Artificial Intelligence (AI) is the most important modern technique in the scientific study since the adoption of quantum mechanics and provides promising findings in a wide variety of fields of science and technology. The international team of researchers, including Professor Roberto Morandotti of the Institut National de la Recherche Scientifique (INRS), has just unveiled a new photonic processor that could revolutionize artificial intelligence, as stated by the prestigious journal Nature.
An international team of researchers introduced a new photonic processor that could revolutionize artificial intelligence. Artificial neural networks, layers of interconnected artificial neurons, are of great interest in machine learning tasks such as speech recognition and medical diagnosis.
Lightmatter is a startup that is trying to improve the way all the programming is done—and not in a small way. Artificial neural networks, layers of entangled artificial neurons, are of significant importance to machine learning activities such as speech recognition and medical diagnosis. In fact, electronic computer hardware is approaching the limits of its capability, and the need for greater computing capacity is gradually rising.

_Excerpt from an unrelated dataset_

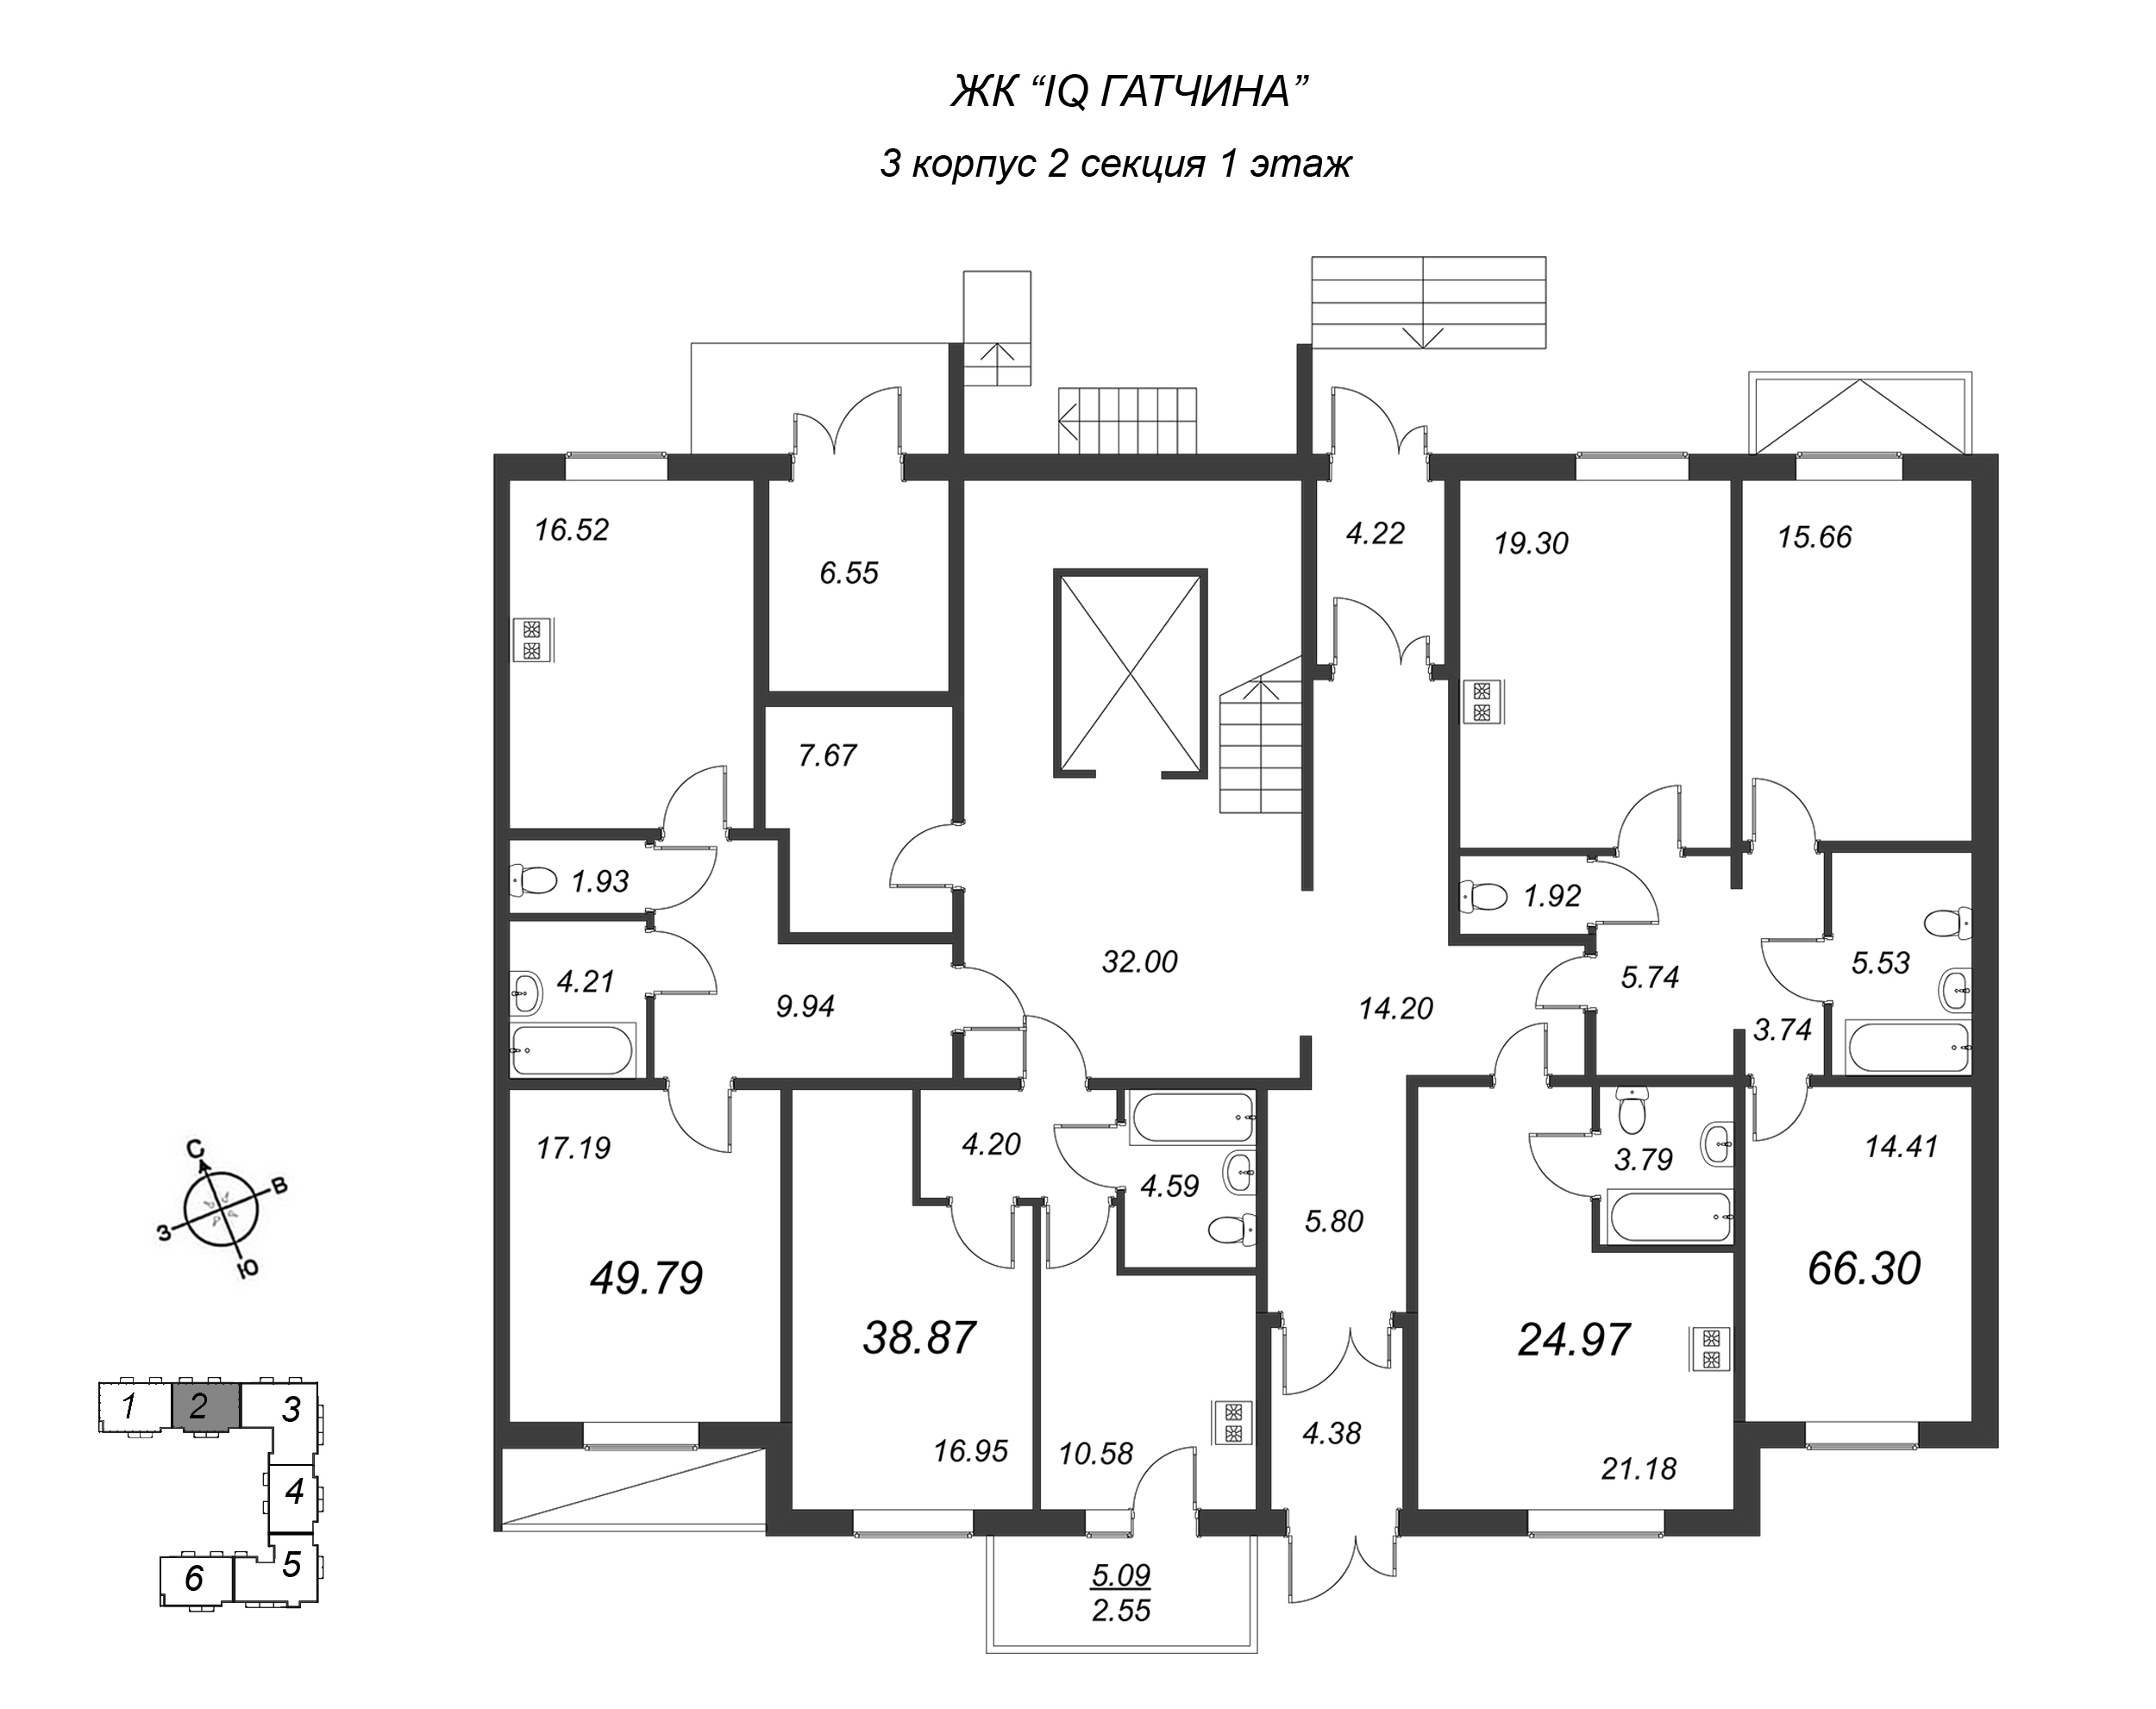 1-комнатная квартира, 49.79 м² в ЖК "IQ Гатчина" - планировка этажа
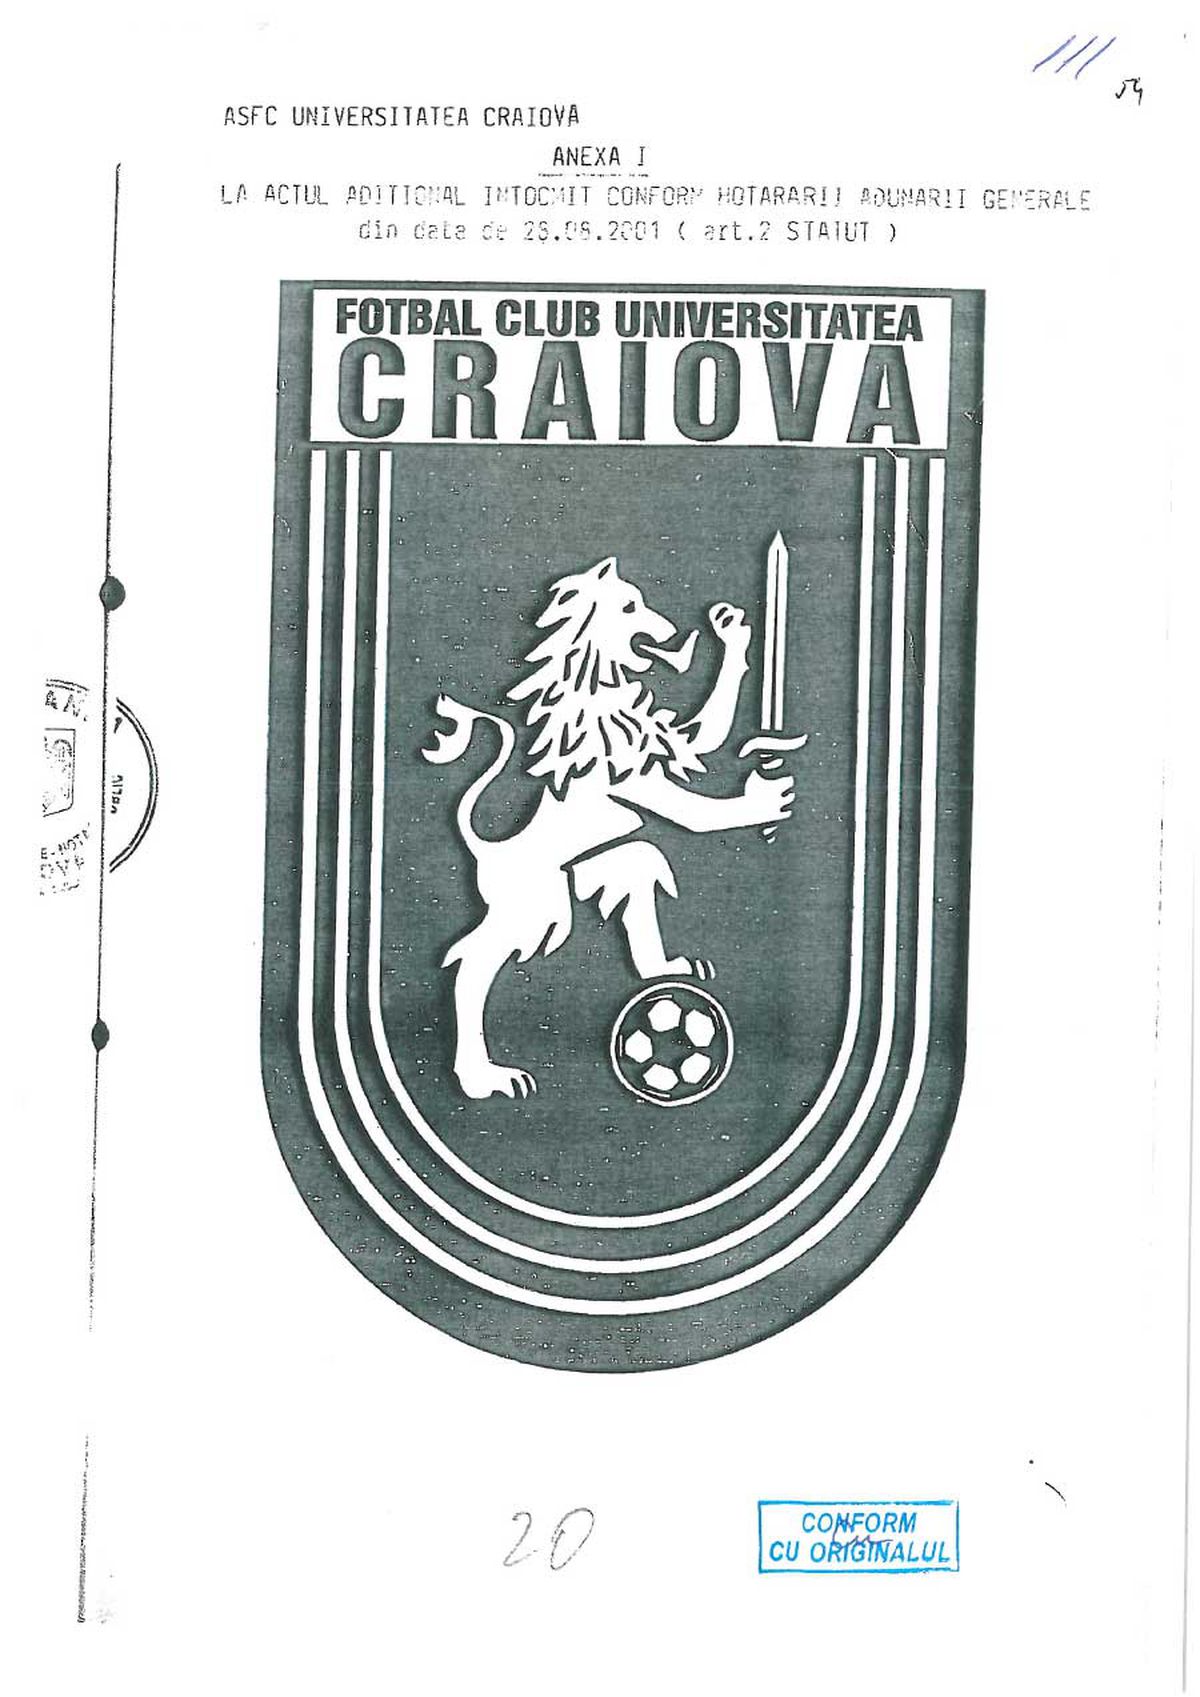 Documentele publicate de FCU Craiova: Adrian Mititelu susține că echipa sa deține sigla și palmaresul Universității

Researchers switched to photons instead of electrons to bring information at the speed of light. In fact, not only can photons process information much faster than electrons, but they are the backbone of the modern Internet, where it is necessary to escape the so-called electronic bottleneck (conversion of an optical signal into an electronic signal, and vice versa).
Increased Computing Speed
The proposed optical neural network is capable of detecting and manipulating large-scale data and images at ultra-high computational speeds of more than 10 trillion operations per second. Professor Morandotti, a pioneer in integrated photonics, discusses how an optical frequency comb, a light source with several evenly spaced frequency modes, was integrated into a computer chip and used as an effective source for optical computation. At the base of all that AI and machine learning is, like most computing operations, a lot of math (hence the name computing). A general-purpose computer can do any of that math, but for complex problems, it has to break it down into a series of smaller ones and perform them sequentially.
This system performs a method of matrix-vector multiplication known as an image processing convolution. It shows positive results for real-time massive data machine learning activities, such as recognition of faces in cameras or identification of pathologies in clinical scanning applications. Their solution is flexible and adaptable to far more complex networks for challenging applications such as autonomous vehicles and real-time video detection, enabling complete convergence of the up-and-coming Internet of Things in the not-so-distant future.
The challenge is that as demand grows for AI-based goods, these measurements need to be completed more and more rapidly, but we are approaching the limits of how quickly and effectively they can be rendered and relayed back to the customer. So while the computing infrastructure that has existed for decades is not going anywhere, there are promising options on the horizon for certain niches.